I am working full-time as an International research assistant (in a University Library) in Germany. A startup (based in London) asked me to work with them as a research consultant (a kind of freelancer, 5-10 hours per week). I am working as full time (40 hours/week) and also doing a part-time PhD (4 hours/week, not being paid). My employer gave official permission for part-time PhD.

I wanted to work with the startup as a research consultant because we exchange data and technology. As per the EU regulation, there is a limit of a maximum of 48 hours per week.

I have two questions:

  1. Can I work at two jobs (full-time and freelancer) in Germany and UK?
  2. How does an employer check the exact number of the working hour across Germany and London?

1 Answer 1


The EU-wide 48 hour limit and the German Arbeitszeitgesetz only apply to employees, not to self-employed persons or freelancers. Thus, it would in principle be legal to have a full-time job and do any amount of freelancing on the side. I'm not sure whether your PhD student position factors into this since it is unpaid.

If you have multiple employers, the sum of working time matters – this is one reason why you have to notify your employers about additional jobs. One employer cannot check your time with another employer, so you should inform them when your shifts change (while employers can assign you shifts, they must consider your personal circumstances).

But self-employment is not employment. If you take this offer, you would act as a German business, perform work in Germany, pay taxes in Germany, but have an UK client. (Assuming your work would be done remotely rather than travelling to the UK to perform your work there). Freelancing would also mean that you'll meet the wonderful world of German bureaucracy, including registering with the Finanzamt, writing invoices, doing accounting, filing taxes, dealing with VAT, and trying to navigate a no-deal Brexit. At least your work likely counts as freiberuflich rather than gewerblich, which would free you from a Gewerbeanmeldung.

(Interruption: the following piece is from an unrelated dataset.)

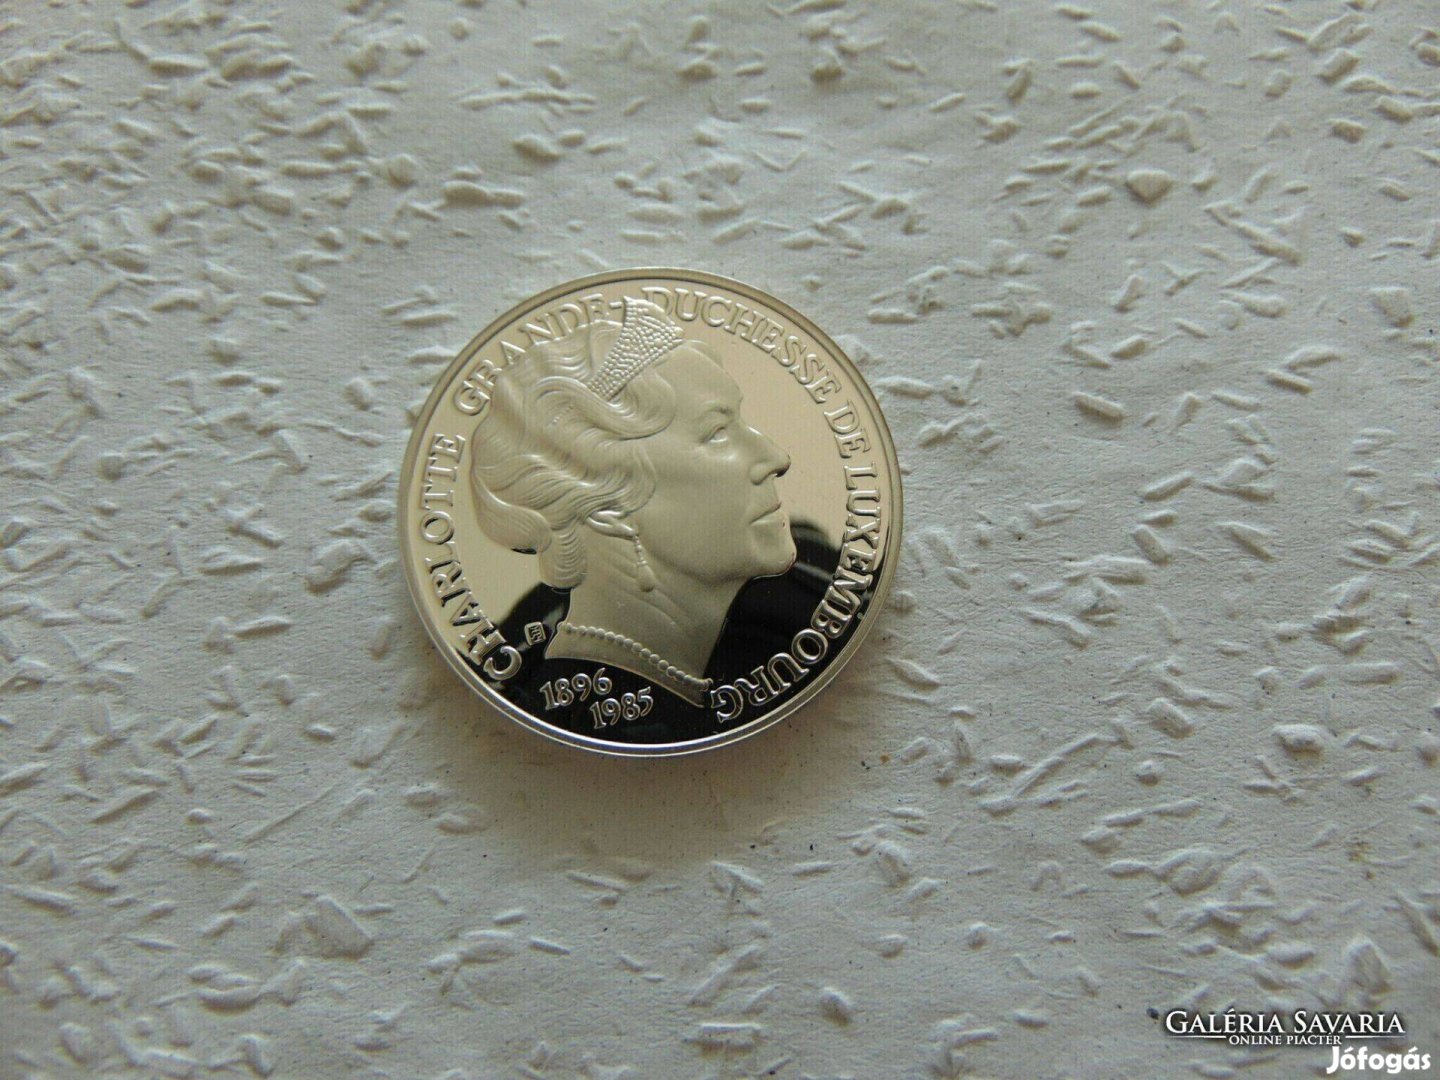 Luxemburg ezüst 25 ECU 1996 PP 23.05 gramm

Your don't have to seek permission from your employer when taking up a side job, but you must notify them. They can object if your side job would impact your work. This would clearly be the case when working for a competitor, or when your side job would bring you over the working time limit. Since you work in the public sector, there may be additional rules (parts of Beamtenrecht apply to your employment relationship).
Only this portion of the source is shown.